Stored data
%%
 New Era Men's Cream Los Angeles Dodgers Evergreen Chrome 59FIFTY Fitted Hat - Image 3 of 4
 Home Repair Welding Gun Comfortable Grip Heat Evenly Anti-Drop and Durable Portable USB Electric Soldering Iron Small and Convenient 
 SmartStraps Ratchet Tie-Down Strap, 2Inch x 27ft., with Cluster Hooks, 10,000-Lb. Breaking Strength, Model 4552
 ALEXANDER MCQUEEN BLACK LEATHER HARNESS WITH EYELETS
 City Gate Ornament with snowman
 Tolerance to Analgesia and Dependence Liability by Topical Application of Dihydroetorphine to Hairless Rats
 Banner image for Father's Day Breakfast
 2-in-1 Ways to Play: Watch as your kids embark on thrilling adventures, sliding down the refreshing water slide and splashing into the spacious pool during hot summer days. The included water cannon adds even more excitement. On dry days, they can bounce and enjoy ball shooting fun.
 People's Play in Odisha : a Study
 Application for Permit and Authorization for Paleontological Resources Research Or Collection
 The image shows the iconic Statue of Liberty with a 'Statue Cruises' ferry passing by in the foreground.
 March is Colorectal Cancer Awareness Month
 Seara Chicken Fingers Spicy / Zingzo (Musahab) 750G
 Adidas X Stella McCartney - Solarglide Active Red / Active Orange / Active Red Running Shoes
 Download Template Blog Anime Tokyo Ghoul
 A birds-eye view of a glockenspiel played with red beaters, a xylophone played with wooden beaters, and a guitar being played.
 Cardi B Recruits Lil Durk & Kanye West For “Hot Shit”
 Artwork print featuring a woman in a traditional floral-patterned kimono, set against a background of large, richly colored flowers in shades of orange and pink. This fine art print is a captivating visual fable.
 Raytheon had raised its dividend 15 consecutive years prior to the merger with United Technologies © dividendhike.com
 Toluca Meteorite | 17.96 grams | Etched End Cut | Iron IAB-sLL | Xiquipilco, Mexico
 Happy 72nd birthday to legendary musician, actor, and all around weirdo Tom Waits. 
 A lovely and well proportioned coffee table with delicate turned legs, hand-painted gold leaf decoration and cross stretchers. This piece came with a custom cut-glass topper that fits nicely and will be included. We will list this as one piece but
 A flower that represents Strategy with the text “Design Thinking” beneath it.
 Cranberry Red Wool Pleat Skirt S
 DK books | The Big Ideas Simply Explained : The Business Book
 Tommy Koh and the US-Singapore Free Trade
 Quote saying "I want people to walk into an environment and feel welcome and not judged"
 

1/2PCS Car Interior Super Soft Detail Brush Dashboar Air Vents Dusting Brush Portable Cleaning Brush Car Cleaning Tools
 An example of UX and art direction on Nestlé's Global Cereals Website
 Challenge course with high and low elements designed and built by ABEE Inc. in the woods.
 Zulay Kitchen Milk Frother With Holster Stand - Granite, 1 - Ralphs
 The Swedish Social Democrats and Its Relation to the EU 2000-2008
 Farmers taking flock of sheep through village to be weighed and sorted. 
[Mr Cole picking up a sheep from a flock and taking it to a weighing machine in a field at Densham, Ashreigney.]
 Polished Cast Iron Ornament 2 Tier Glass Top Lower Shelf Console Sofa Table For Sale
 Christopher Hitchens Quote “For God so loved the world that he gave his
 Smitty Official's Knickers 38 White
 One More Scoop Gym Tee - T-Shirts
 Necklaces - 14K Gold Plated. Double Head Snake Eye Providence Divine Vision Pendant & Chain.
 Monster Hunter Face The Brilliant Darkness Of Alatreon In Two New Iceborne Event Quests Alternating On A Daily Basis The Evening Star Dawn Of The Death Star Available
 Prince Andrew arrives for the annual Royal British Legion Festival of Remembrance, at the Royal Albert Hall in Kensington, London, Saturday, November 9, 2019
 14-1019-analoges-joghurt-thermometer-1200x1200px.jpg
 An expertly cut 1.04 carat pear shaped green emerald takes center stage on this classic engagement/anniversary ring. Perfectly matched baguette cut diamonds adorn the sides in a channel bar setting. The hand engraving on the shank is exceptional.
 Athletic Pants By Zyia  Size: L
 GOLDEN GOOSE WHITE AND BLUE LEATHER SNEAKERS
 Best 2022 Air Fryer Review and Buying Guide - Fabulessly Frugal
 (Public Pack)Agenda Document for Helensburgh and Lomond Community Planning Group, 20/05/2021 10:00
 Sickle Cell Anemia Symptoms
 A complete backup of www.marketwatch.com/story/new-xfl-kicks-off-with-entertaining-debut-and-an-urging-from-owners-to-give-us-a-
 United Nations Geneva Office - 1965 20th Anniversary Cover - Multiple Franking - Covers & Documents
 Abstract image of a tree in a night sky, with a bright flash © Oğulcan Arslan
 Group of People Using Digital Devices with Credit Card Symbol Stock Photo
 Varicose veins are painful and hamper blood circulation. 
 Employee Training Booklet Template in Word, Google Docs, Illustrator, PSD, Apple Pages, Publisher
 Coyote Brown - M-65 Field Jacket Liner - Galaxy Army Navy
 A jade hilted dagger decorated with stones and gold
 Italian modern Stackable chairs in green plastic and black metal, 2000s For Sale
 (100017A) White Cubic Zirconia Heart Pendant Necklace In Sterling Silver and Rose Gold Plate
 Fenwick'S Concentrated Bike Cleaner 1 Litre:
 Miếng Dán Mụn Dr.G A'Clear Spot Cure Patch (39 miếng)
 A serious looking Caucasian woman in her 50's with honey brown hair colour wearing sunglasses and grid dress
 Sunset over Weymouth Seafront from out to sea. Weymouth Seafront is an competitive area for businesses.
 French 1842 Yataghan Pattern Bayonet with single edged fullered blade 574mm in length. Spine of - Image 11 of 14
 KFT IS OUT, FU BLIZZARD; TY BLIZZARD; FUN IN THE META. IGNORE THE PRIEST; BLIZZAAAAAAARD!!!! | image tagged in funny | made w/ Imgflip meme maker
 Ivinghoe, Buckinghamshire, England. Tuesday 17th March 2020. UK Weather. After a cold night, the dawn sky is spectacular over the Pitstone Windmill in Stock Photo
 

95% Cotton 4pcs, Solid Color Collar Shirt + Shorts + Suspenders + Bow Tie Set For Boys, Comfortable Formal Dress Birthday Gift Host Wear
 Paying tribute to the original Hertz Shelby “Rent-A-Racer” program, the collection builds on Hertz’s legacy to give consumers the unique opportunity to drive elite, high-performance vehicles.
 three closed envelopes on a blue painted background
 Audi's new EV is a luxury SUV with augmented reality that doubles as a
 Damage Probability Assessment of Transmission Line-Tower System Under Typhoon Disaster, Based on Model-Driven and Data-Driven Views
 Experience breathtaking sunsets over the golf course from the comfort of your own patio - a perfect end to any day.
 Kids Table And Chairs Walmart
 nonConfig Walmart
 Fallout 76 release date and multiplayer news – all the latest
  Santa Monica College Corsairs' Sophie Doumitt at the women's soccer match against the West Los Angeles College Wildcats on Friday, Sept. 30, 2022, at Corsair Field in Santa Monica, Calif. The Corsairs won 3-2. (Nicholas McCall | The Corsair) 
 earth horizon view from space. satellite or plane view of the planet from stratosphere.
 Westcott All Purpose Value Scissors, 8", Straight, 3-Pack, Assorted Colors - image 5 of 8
%%
Directions → The lines holding the word "that" are the answer. Find them in the entries and copy them.

Reply to the exercise →
 A lovely and well proportioned coffee table with delicate turned legs, hand-painted gold leaf decoration and cross stretchers. This piece came with a custom cut-glass topper that fits nicely and will be included. We will list this as one piece but
 A flower that represents Strategy with the text “Design Thinking” beneath it.
 Christopher Hitchens Quote “For God so loved the world that he gave his
 Audi's new EV is a luxury SUV with augmented reality that doubles as a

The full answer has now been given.